Pricing is intentionally opaque. It can be difficult to know how brokers are being compensated. Fees vary from exchange to exchange and broker to broker, and there are different compensation tiers based on volume and other opaque metrics. Even the brokers themselves often don’t know what they’re getting paid until they reconcile at the end of the month.

Some people are calling for a ban on rebates, while others feel exchanges are entitled to construct models that will attract flow to their venues. In our view, the SEC should encourage pricing to be simplified and more transparent. We think brokers should have the discretion to route where they believe they can secure better-quality executions for their clients, while institutions can assess a broker’s performance and determine its merit in order to reward them with their business.

In any case, tiered pricing should be transparent and rebates should be the same for every market participant. By standardizing compensation across the board, you’ll have a much fairer marketplace, and investors can then look at performance more objectively.

This is also a challenge in the retail market, where these kinds of rebates, known as PFOF, are being reviewed by the SEC and its new chairman Gary Gensler. “Our markets have moved to zero commission, but it doesn’t mean it’s free,” he told CNBC. “There’s still payment underneath these applications. And it doesn’t mean it’s always the best execution.”

Given the SEC’s interest in rebates/PFOF, it’s likely change will come to this part of the market, though what might happen is still unclear.

Market Data Rules in Limbo

There’s another significant change that could finally come into effect over the next few months: the national market system (NMS) market data ruling. Over the past several years, it has been common for broker-dealers to pay exchanges for access to their proprietary data feeds because the Securities Information Processor (SIP) is no longer competitive for trading. The proprietary data feeds provide a trade information advantage because they have a fuller data set than what is currently available on the SIP, and this presents an unfair information advantage. While it has become table stakes for brokers to have some level of proprietary data to compete, ultimately not having the richer data set in the SIP, for the critical data that is needed to trade, is a conflict to fair access for critical market data which includes odd lots, Depth of Book and auction data.

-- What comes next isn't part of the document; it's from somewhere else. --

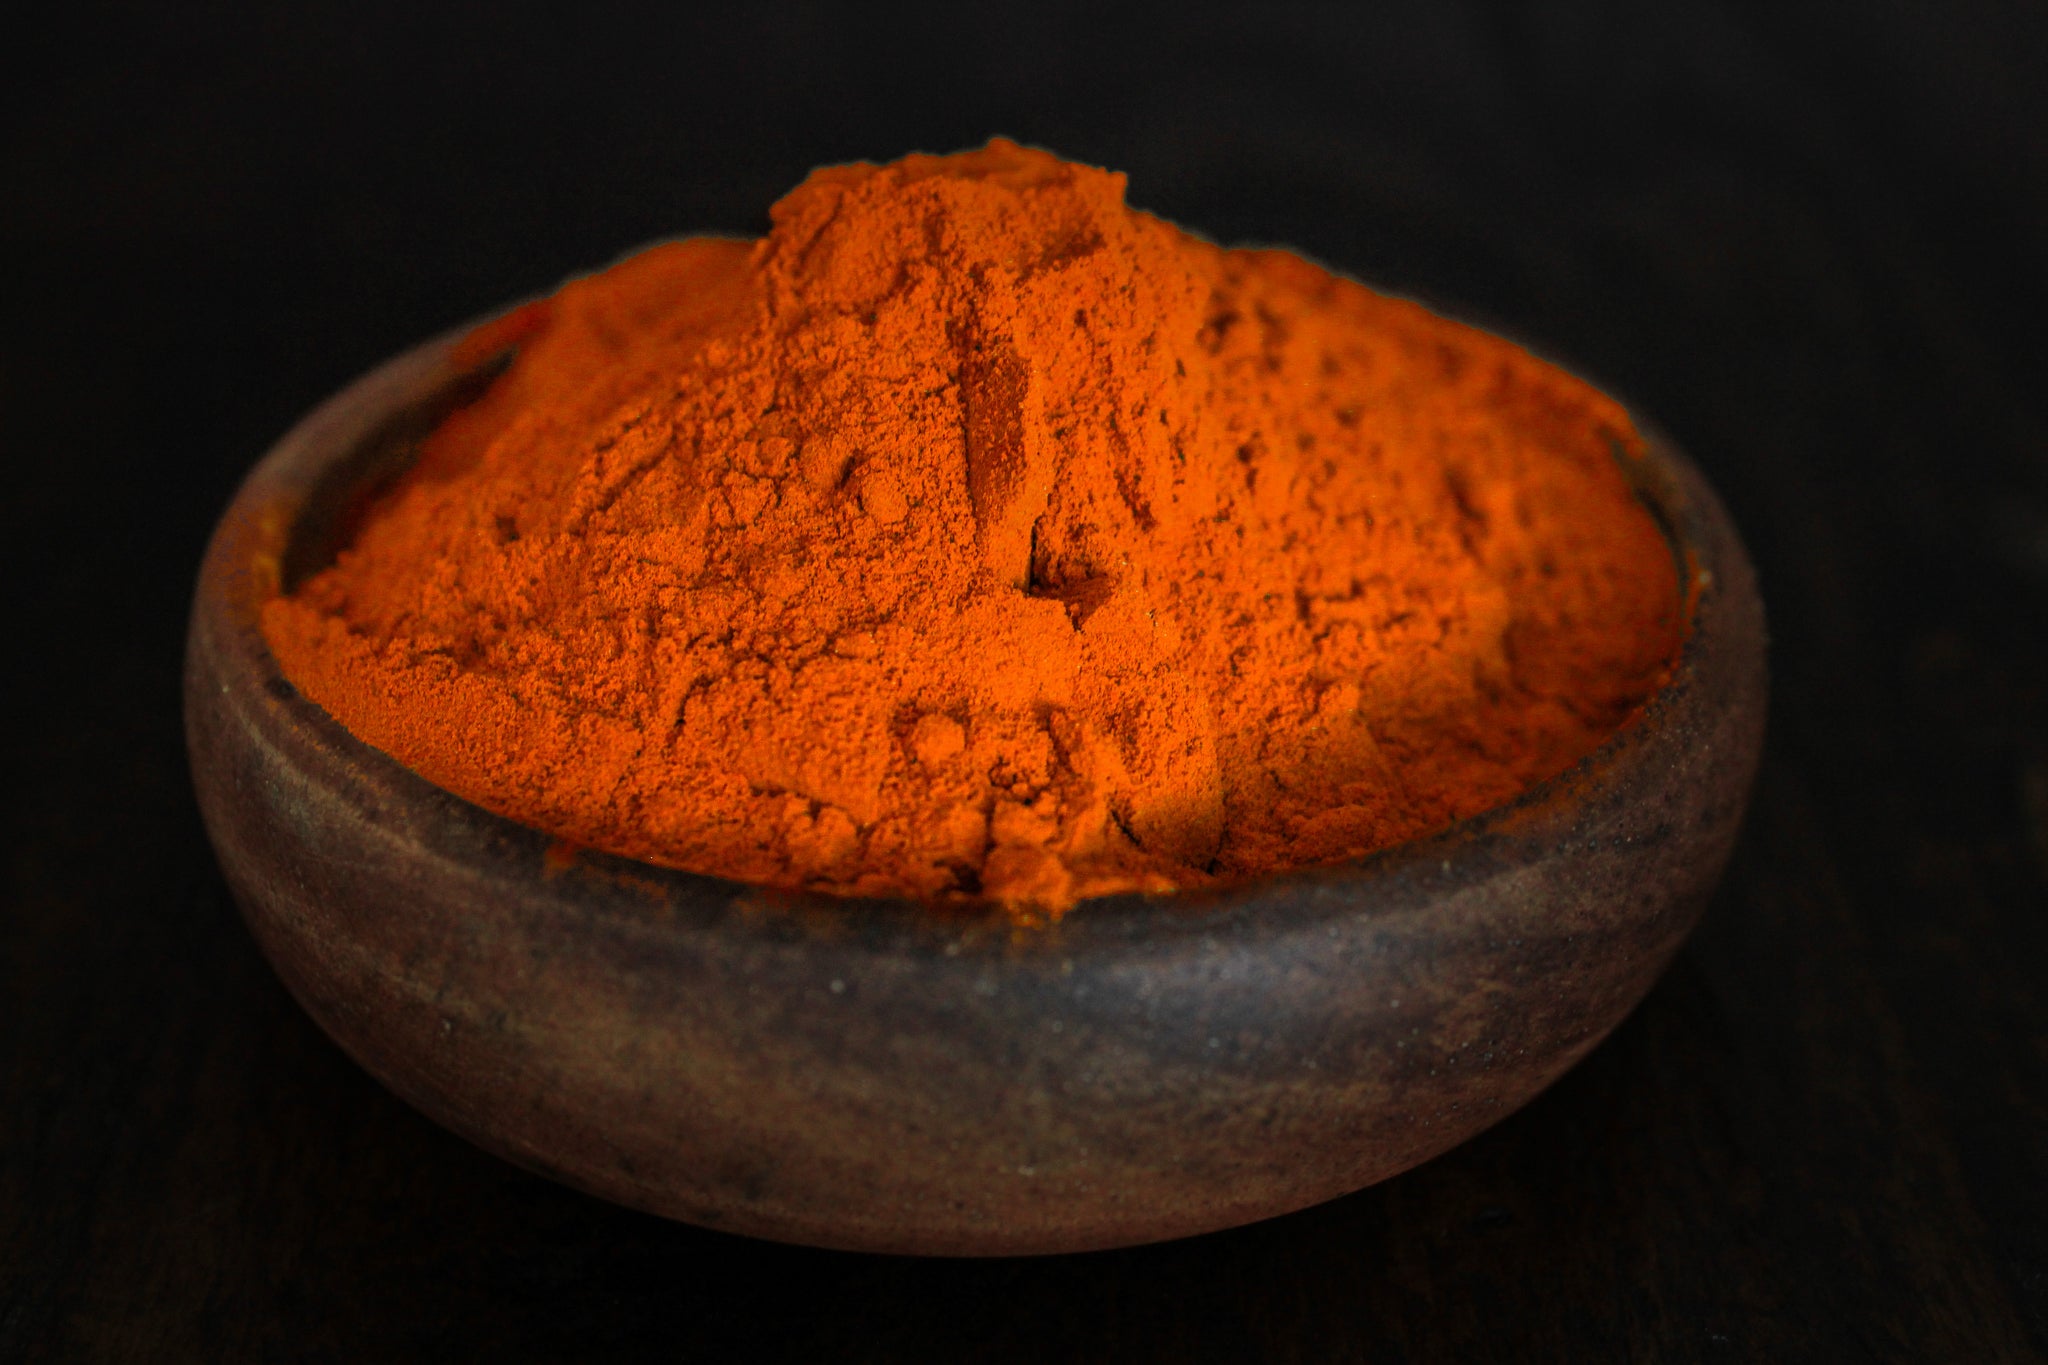 Strong potent curcumin extract shown in wooden bowl
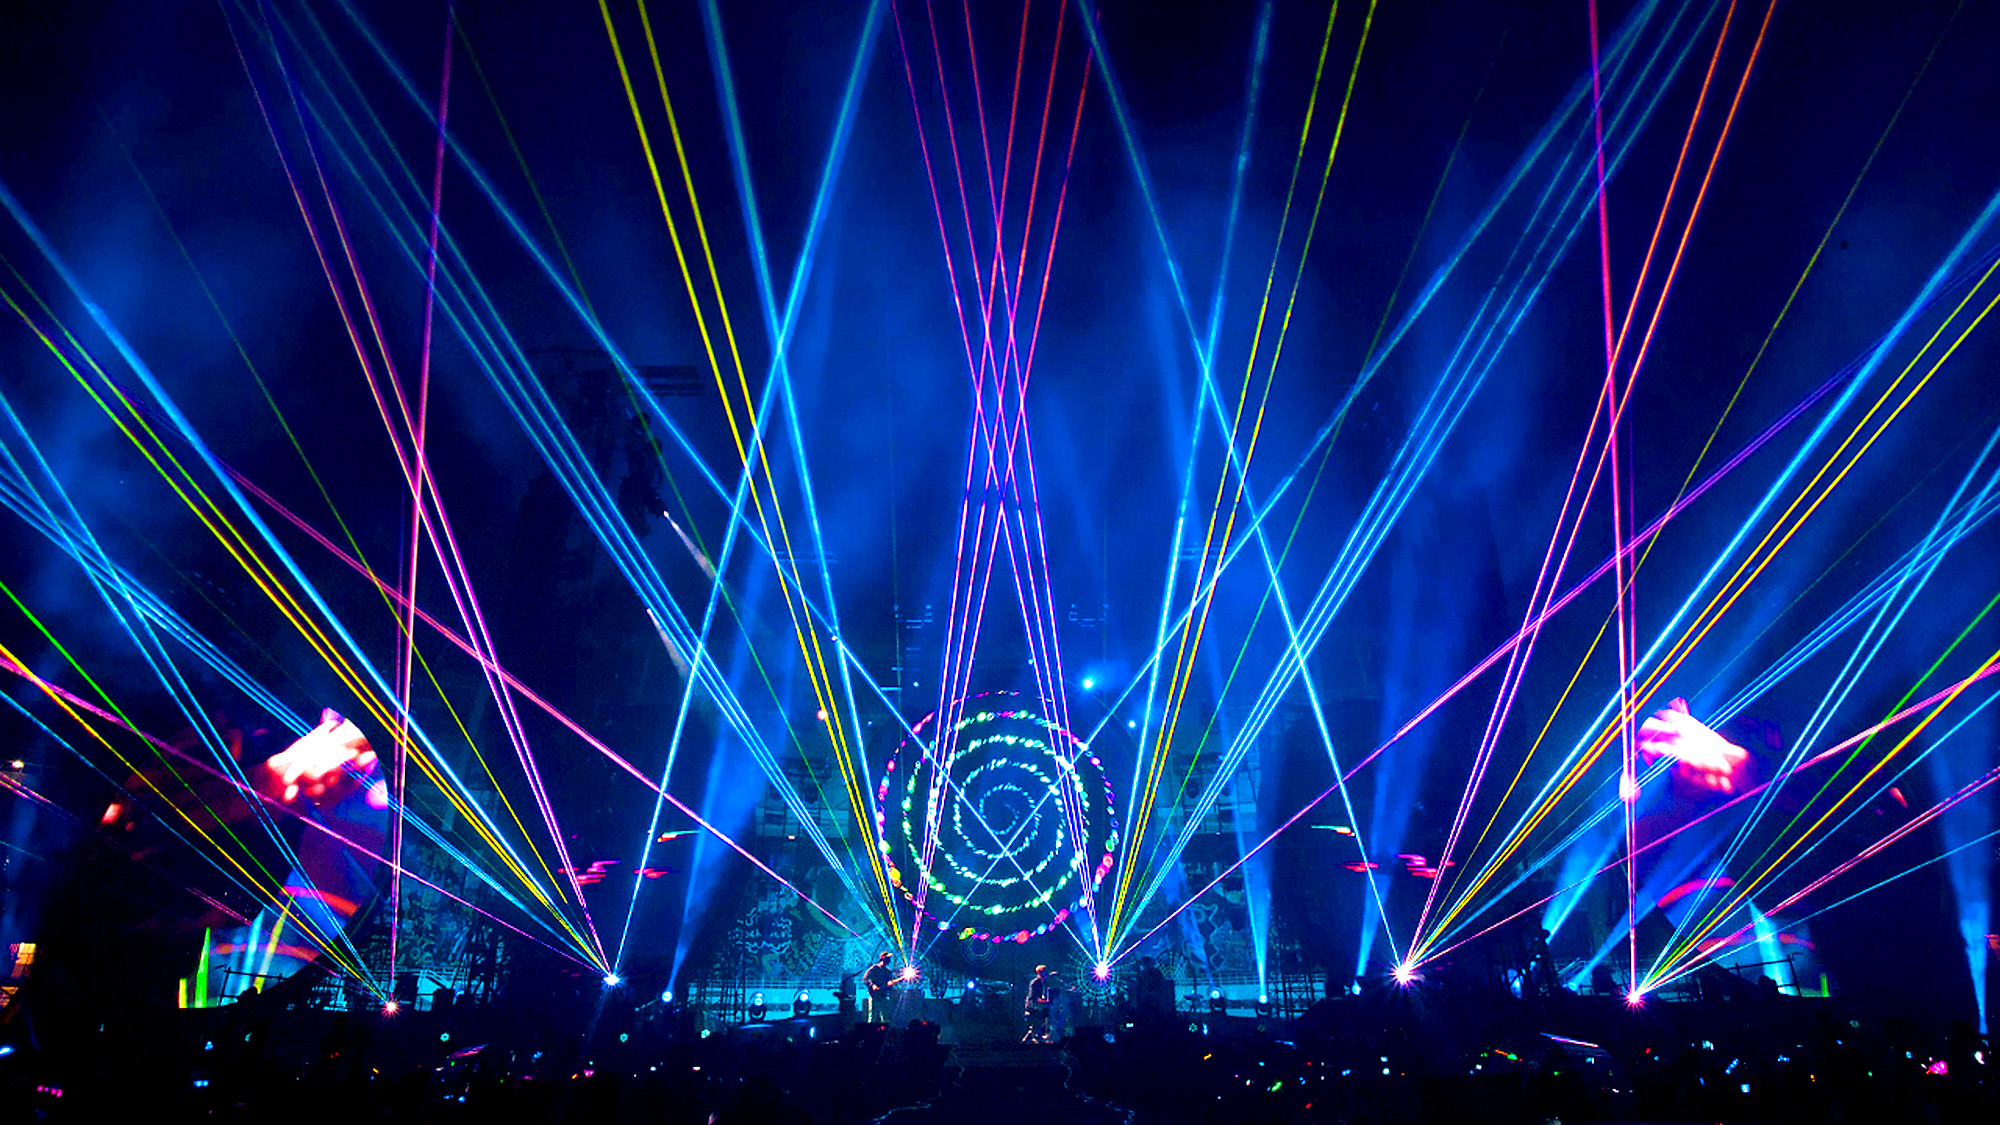 lasers-enhance-fans-experiences-with-aerial-effects-at-coldplay-s

In December 2020, the SEC changed the rule to have more of this information appear in the SIP, which everyone can access. Unfortunately, the exchanges sued the SEC to stop them from enacting the rule; it’s been held up in litigation ever since, in part because of pandemic-related delays.

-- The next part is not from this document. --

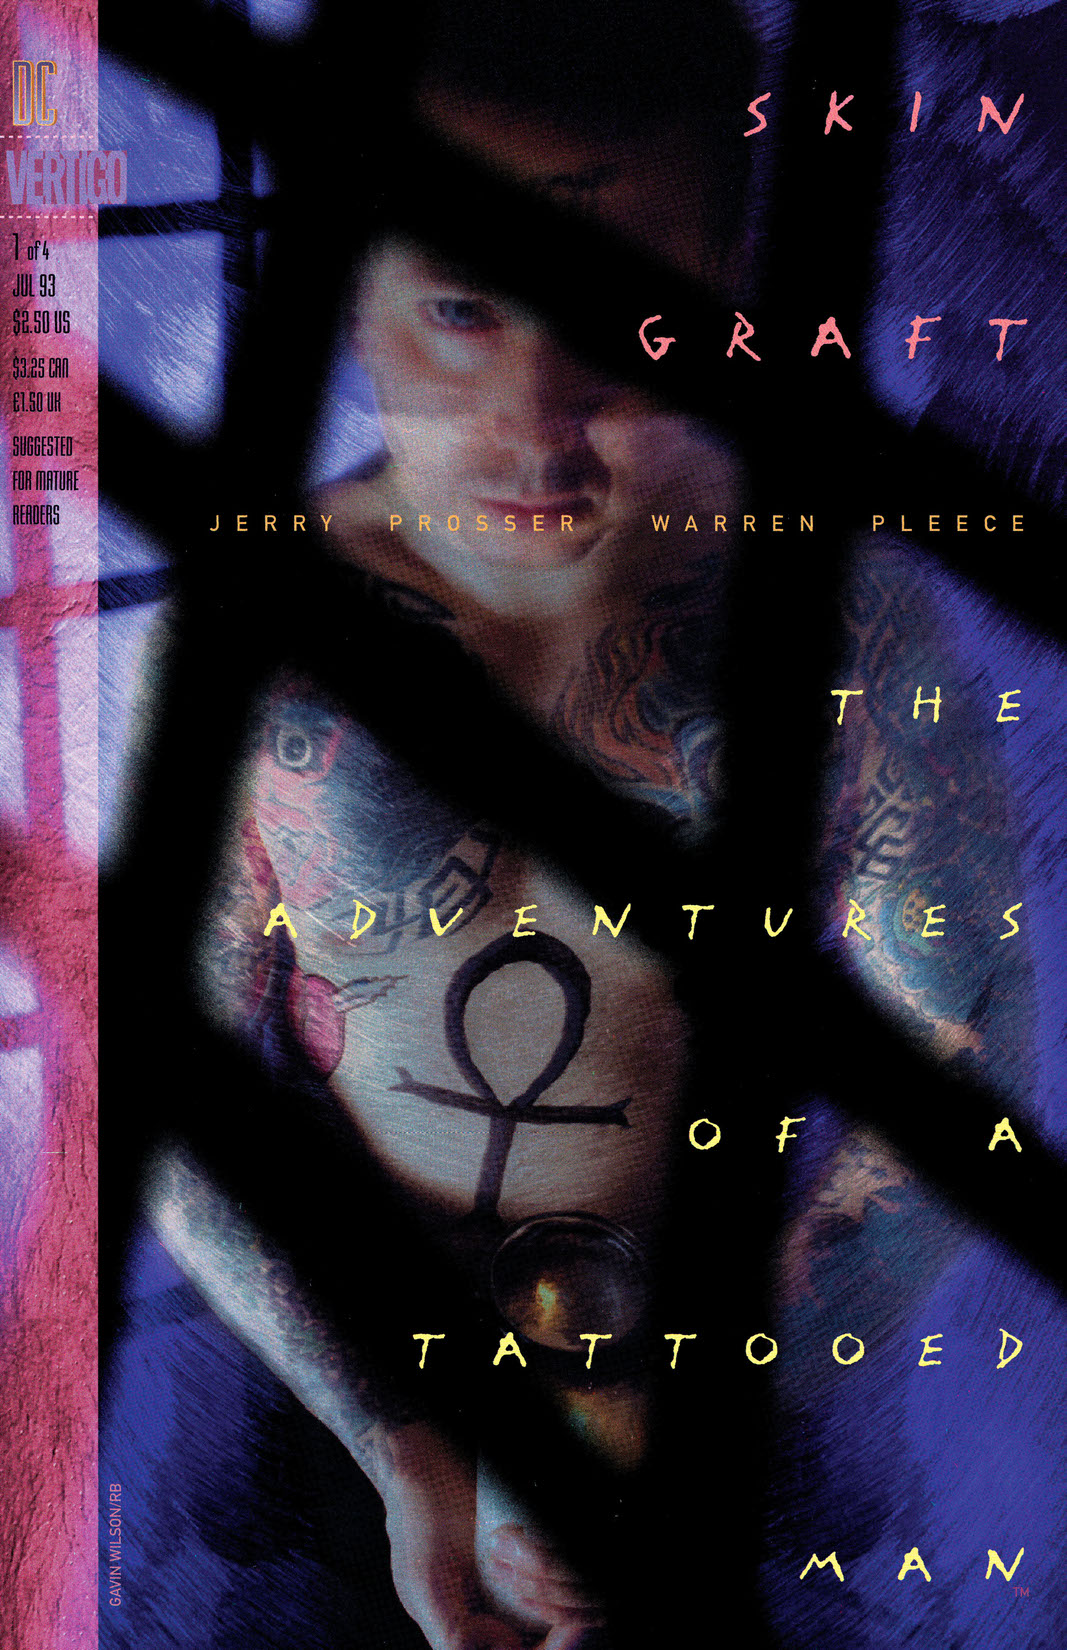 Skin Graft: The Adventures of a Tattooed Man #1 preview images

These lawsuits should resolve themselves, as the legal system starts to move again. It remains to be seen if this rule will ultimately get implemented, but we’re hopeful it will. If everyone has the same data, then brokers can make better execution decisions on behalf of their clients.

Define The Future

As the world starts to move past the pandemic and embark on a new path for the future, the electronic trading industry will continue to evolve and offer more opportunities for traders.

It’s clear that Mr. Gensler and the SEC want to bring more transparency to our markets, and with trading volumes picking up, and interest in off-exchange trading, rebates, and market data gaining steam, now is the time for reform. Institutions should be excited about what’s to come – a more transparent market means better quality trades, improved executions and increased effectiveness of our electronic markets.